Я замолчал; звук моего собственного голоса напугал меня; тусклые гобелены на стене вздымались и качались вокруг меня. Я видел ее как сквозь туман, опирающуюся там обеими руками на разбитую мраморную вазу.
Минутная улыбка пробежала по ее лицу. Она казалась развлеченной, а не разгневанной, как я боялся. Она слушала без протеста. Несомненно, она знала это очень хорошо еще до того, как я заговорил. «Ты очень силен, — сказала она наконец. — Сильные люди всегда слабы — где-то. Если бы граф Таддео услышал тебя, он бы...» Затем какая-то внезапная причуда поразила ее, и она рассмеялась вслух, ее ярко-красные губы дрожали и содрогались от смеха. «Что бы он мог сделать? Ты мог бы раздавить его одной рукой, как мог бы раздавить тритона! Бедный Таддео! Разве он не сбил цену на твою рыбу, не дал тебе разбавленного вина, помоев из бочки, вчера? Это всегда Таддео».
Она снова рассмеялась, но в этом смехе было что-то настолько жестокое, что он заставил меня замолчать. Я не смел говорить с ней. Я стоял там глупо.
«Ты знаешь, что он богат? — сказала она внезапно, грызя своими прекрасными зубами зазубренный лист одной из своих гвоздик. — Да, он богат, Таддео. Вот почему мой отец продал меня ему. Таддео богат: у него золото в земле, в деревьях, в стропилах и камнях дома; у него золото в римских банках; у него золото в иностранных ценных бумагах, и в кораблях, и в драгоценностях, и в аренде: он богат. И он живет, как серый паук в углу подвала. Он запирает меня здесь. Мы едим черный хлеб, мы не видим ни одной живой души: раз в год или около того я езжу в Орте или в Пенну. И мне двадцать три года, и я могу читать свое собственное лицо в зеркале». Она замолчала; ее грудь вздымалась, ее прекрасные низкие брови сошлись в горькой ярости на свою судьбу: у нее не было мыслей обо мне.
Я ждал, безмолвный. Я не смел говорить.
Все это было правдой: она была женой Таддео Маркиони, запертая здесь, словно в тюрьме, с увядающей молодостью и невидимой красотой, и ее гневная душа сгорала в собственном огне. Я любил ее: какая мне от этого польза — человеку, у которого во всем мире не было ничего, кроме силы своих жил и мышц?
Она внезапно вспомнила обо мне и сделала жест, чтобы я ушел: «Отнеси свою рыбу женщине; я не могу заплатить тебе за нее; у меня никогда не было даже медной монеты. Но... ты можешь вернуться в другой день. Принеси еще — принеси еще». Затем повелительным жестом она заставила меня оставить ее.

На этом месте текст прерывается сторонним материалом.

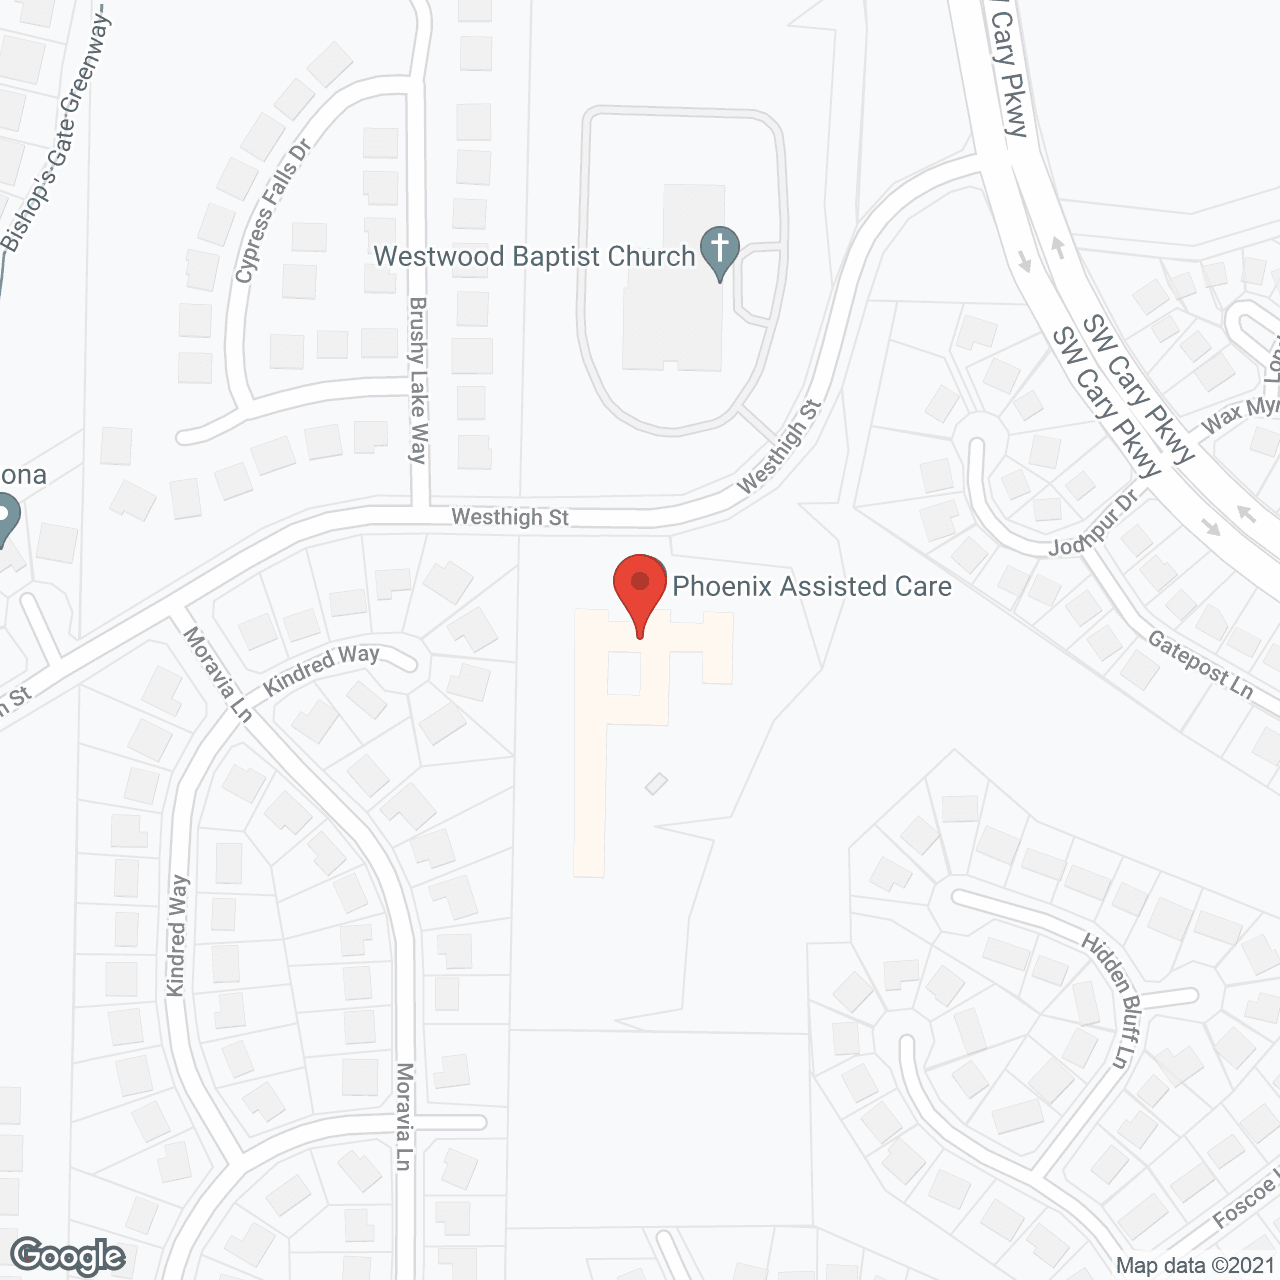 Phoenix Assisted Care in google map

Я спотыкаясь вышел из старого темного дома с плотно закрытыми ставнями в палящее сияние августовского дня, кружась от страсти и надежды. Она знала, что я люблю ее, и все же велела мне вернуться!
Не знаю, что это значит в других краях, но здесь, в Италии, у этого лишь один язык — язык, достаточный для того, чтобы сердце влюбленного забилось, как у дикого козла. И все же «надежда» — пожалуй, слишком громкое слово, чтобы точно описать робкую радость, наполнившую мою грудь. В ту ночь я лежал в хижине пастуха без сна, слушая, как квакают лягушки в Лагерелло и поют сверчки в жаркой темноте. Хижина была пуста: пастух, овцы и собаки — все ушли на возвышенности среди холмов. В углу лежали сухие папоротники. Я лежал на них и смотрел на планеты, пульсирующие надо мной в глубокой синеве небес: они казались пульсирующими, они казались живыми.
В миле от меня, между мной и звездами, высилась громада черного палаццо Сант-Алоиза.
Боже! Это было странно! Я вел суровую жизнь, я не был святым. Я всегда был готов к шутке, танцу или интрижке с хорошенькой женщиной, и порой женщины, стоявшие гораздо выше меня, бросали взгляды на арену, как дамы в Испании на корриде, выбирая себе любовника за его силу; но мне никогда не было дела до этого. Я любил, смеялся и уходил прочь с беззаботной свободой бродяги, но мне никогда не было дела. Теперь же весь мир внезапно показался мертвым — мертвыми небо и земля — и лишь глаза одной женщины остались живыми во вселенной, живыми, заглядывающими в мою душу и сжигающими ее дотла. Вы понимаете, о чем я? Нет? Ах, значит, вы не знаете любви.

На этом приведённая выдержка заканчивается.